I would have to assume that this is the same "OW" who interfered in the marriage previously. Used the WS as a "Knight in Shining Armor". Then, as a generally accepted practice here, in order to R, there must be no contact with the OW.

I see nothing good in her wanting to make contact again, even with the BS and not the WS. I see her dividing the family (again), manipulating the emotions of the BS, and now using the BS as her new "knight in shining armor" to help her fix the hole in her life that was once the WS.

What could she possibly add, at this time, that would assist the marriage? Nothing. She is merely a trigger, wanting to insert herself into this marriage via the BS. I would give her nothing. Not a phone number. Not a skype address. Not a new email address. It would be counter productive to have her now communicating (controlling) with the BS in order to gain information on the marriage.

The A is over. She is in the past. Keep her there.


----------



## tacoma (May 1, 2011)

I wouldn't speak with her at all.

Nothing good will come of it.
_Posted via Mobile Device_


----------



## Ever-Man (Jan 25, 2013)

If your marriage is in recovery and you are happy with where you are, what good will knowing hurtful information do for you? I have been through the ringer hearing all about my X's exploits and frankly, it just caused consternation and pain, a lot did not help my recovery. 

There are details that are not going to help you at all, so what is the goal of knowing these details? Also, could it be the OW is lying to you to upset the recovery? 

Resolve that the OW is history, tell her to get OUT OF THE TRIANGLE and crawl under a rock with her shameful memories and run them over in her own head, and keep them out of yours.


----------



## Chaparral (Jul 17, 2011)

Youcould talk to her and get all the facts. Or..........she may try to tell you things to make you dump him, tinking he will come running back to her.

Whichever course you take, beware of her motives.


----------



## lisab0105 (Oct 26, 2011)

Talk to her. Then devise a plan to confront your husband but more than that, devise a plan about what you are going to do after you confront your husband. You are strong enough to face this head on. You need to know everything there is to know. 

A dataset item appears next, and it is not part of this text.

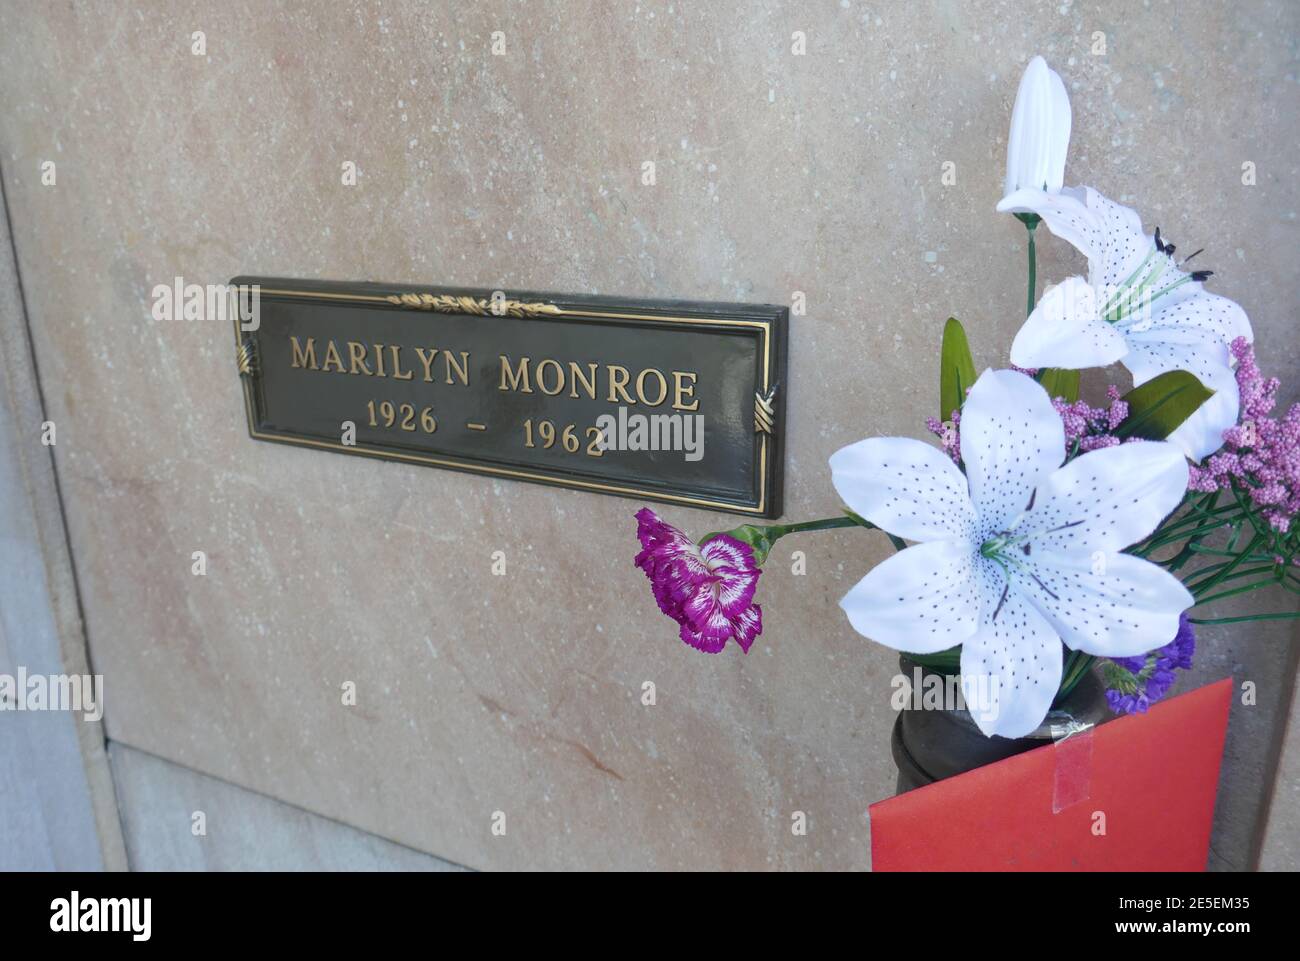 Los Angeles, California, USA 26th January 2021 A general view of atmosphere of actress Marilyn Monroe's grave at Pierce Brothers Westwood Village Memorial Park on January 26, 2021 in Los Angeles, California, USA. Photo by Barry King/Alamy Stock Photo Stock Photo
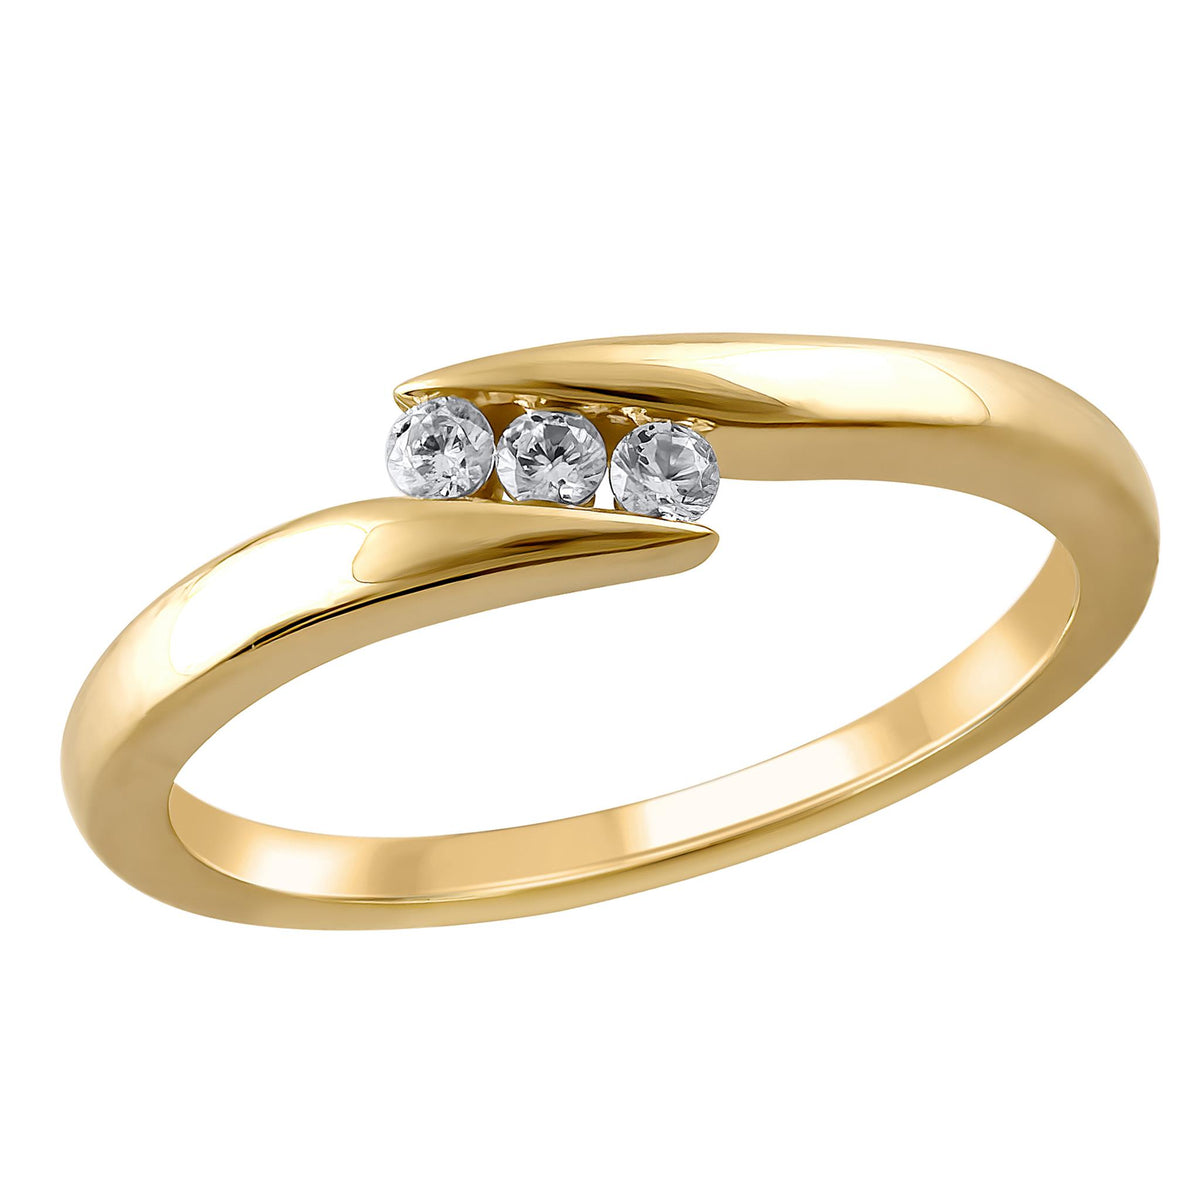 10Kt Yellow Gold Bypass Channel Fashion Ring With .10cttw Natural Diamonds

I too am in reconciliation with my wayward...most days I second guess that decision. Just waiting for the other shoe to drop and I'll be outta here.


----------



## lostnturmoil (Feb 11, 2013)

Since the initial email from OW, I’ve received two more begging me to talk to her. I haven’t responded to her. I know I said I made up my mind and I would….not so sure now. Whatever injects she throws at me, whether true or false, will cause some type of damage. My wheels are spinning. I feel as though I’m almost looking for that last straw to break the camel’s back. As though I’m trying to feed some need inside me to prove my WS hasn’t changed and will always be a lying, cheating ***** bag. I hate that this has already sucked so much energy from me. I hate that we always have to question. Always have to wonder. I have the overwhelming urge to walk up to WS and smack him upside his head followed up with a right knee to the gut….and maybe a spinning back fist or two. I feel angry now!!!


----------



## GROUNDPOUNDER (Mar 8, 2013)

"She was contacting us constantly like some crazed, love struck teenager. She takes absolutely no responsibility for her part in the A and, she’s sees herself as a victim. "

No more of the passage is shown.